No Proper Lady has elements of both Time After Time and Sheri S. Tepper’s Beauty. The comparison to Beauty is good but frightening. We’ll come back to that one. There’s even more than a hint of the Terminator if you squint.

Joan has been sent back to 1888 to change history. In the future that she comes from, humanity is about to be exterminated, and the events that lead to its demise happen in 1888. When Joan comes from, the demons have destroyed nearly everything, and the humans they do not control are almost gone. One last ceremony, one final burst of energy, sends Joan back in time. The circle was breached even as she was being sent through it.

But even if she didn’t feel the others fall, Joan can never go back.
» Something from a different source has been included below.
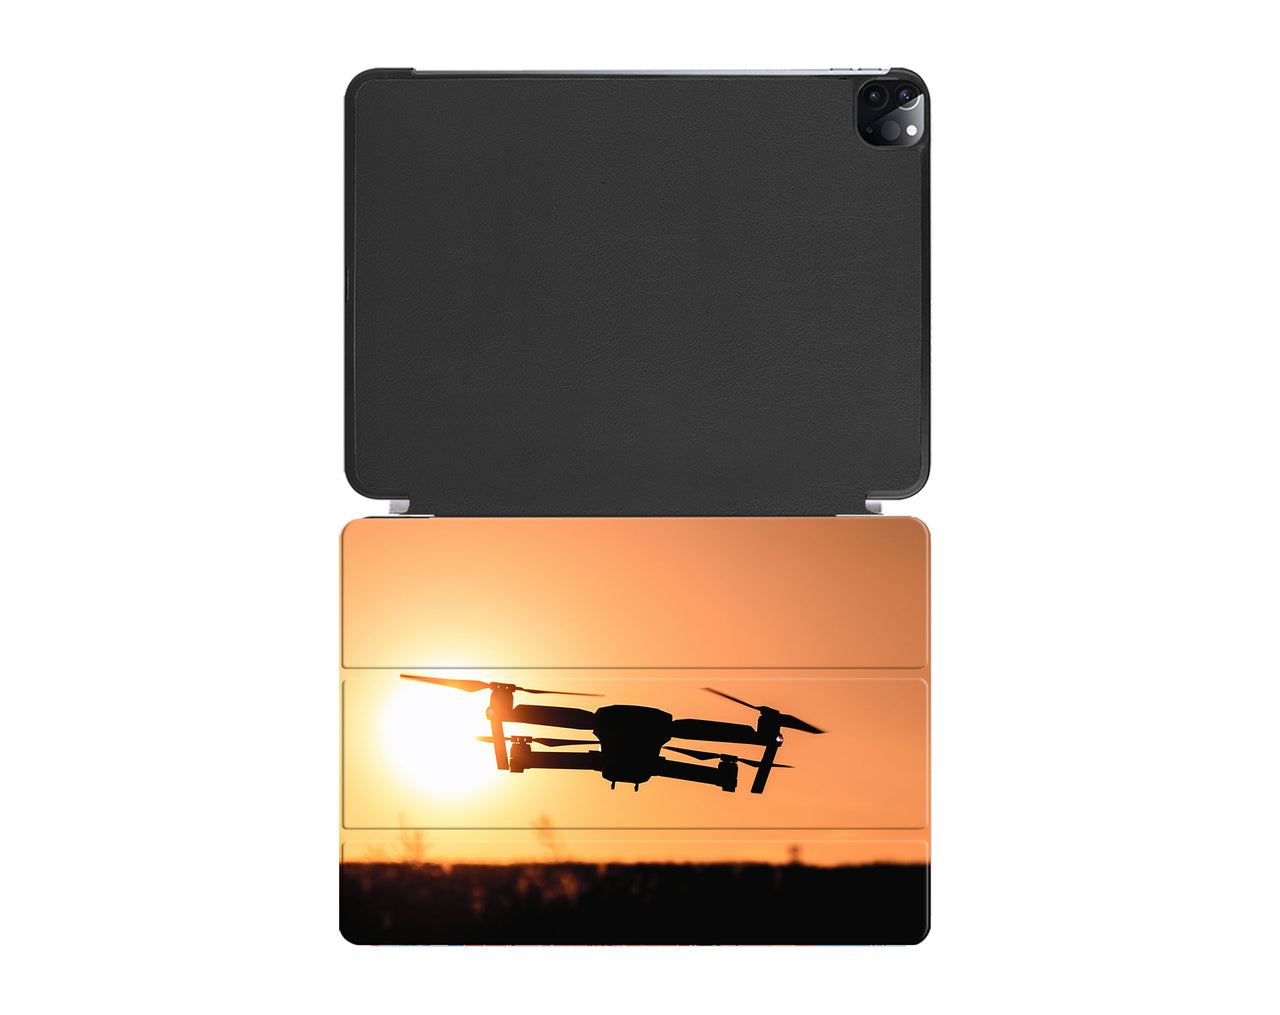 Amazing Drone in Sunset Designed iPad Cases

If she succeeds, she changes the future for the better. Her future will never happen, and good riddance. But the people she knew, her parents, her friends, will never be born. She is utterly alone in a totally foreign world, two hundred years in the past.

All she has is a name. She has to stop Alex Reynell and destroy the book of demon summoning spells that he has written. Now. In this year 1888 that she has been sent to. Or the human race is doomed.

Joan, like H.G. Wells, finds a contemporary guide. Her guide is Simon Grenville. He, too has a problem with Alex Reynell. Simon and Alex used to be best friends, until Alex took the magic powers that they were both learning and started summoning demons. Now they are enemies. Simon and Joan become allies in the fight to save humanity.

But first, they have to find a way to introduce a woman who has spent her entire life fighting tooth and nail for her very survival into the upper crust of Victorian society at the height of its fussiness.

Joan discovers that learning to kill demons was much easier than learning etiquette. Which she has to learn. Because she needs to sneak up on Alex Reynell and steal that book. Destroying the book is paramount, and it must be found, no matter the cost. Her life, her heart, her soul. Or Simon’s.

Escape Rating A-: The story grabbed me on multiple levels. The fish-out-of-water time travel story is very reminiscent of Time After Time and even Diana Gabaldon’s Outlander a tiny bit, although Joan is much less sure of herself than Claire, and it is one of the things that makes her interesting as a character. One way in which No Proper Lady reminds me of Outlander is that the romance does not need to be seen as the primary motivator for the story. There is an HEA, but that’s not necessarily the only reason this story exists.

I said this reminded me of Sheri Tepper’s Beauty. One piece of that story that still chills me is the portrait of the mid-20th century as the “last good time” on Earth. Whether one agrees or disagrees, the word-picture sticks. No Proper Lady, with Joan’s intense reactions to the pastoral beauty and plenty of the English countryside and relatively safe living conditions after her horrific experiences, evoked that same response. To her, the late 1880’s had been the “last good time” before Reynell “broke the world”.

No Proper Lady is absolutely not a typical romance novel. And that’s the beauty and the wonder of it.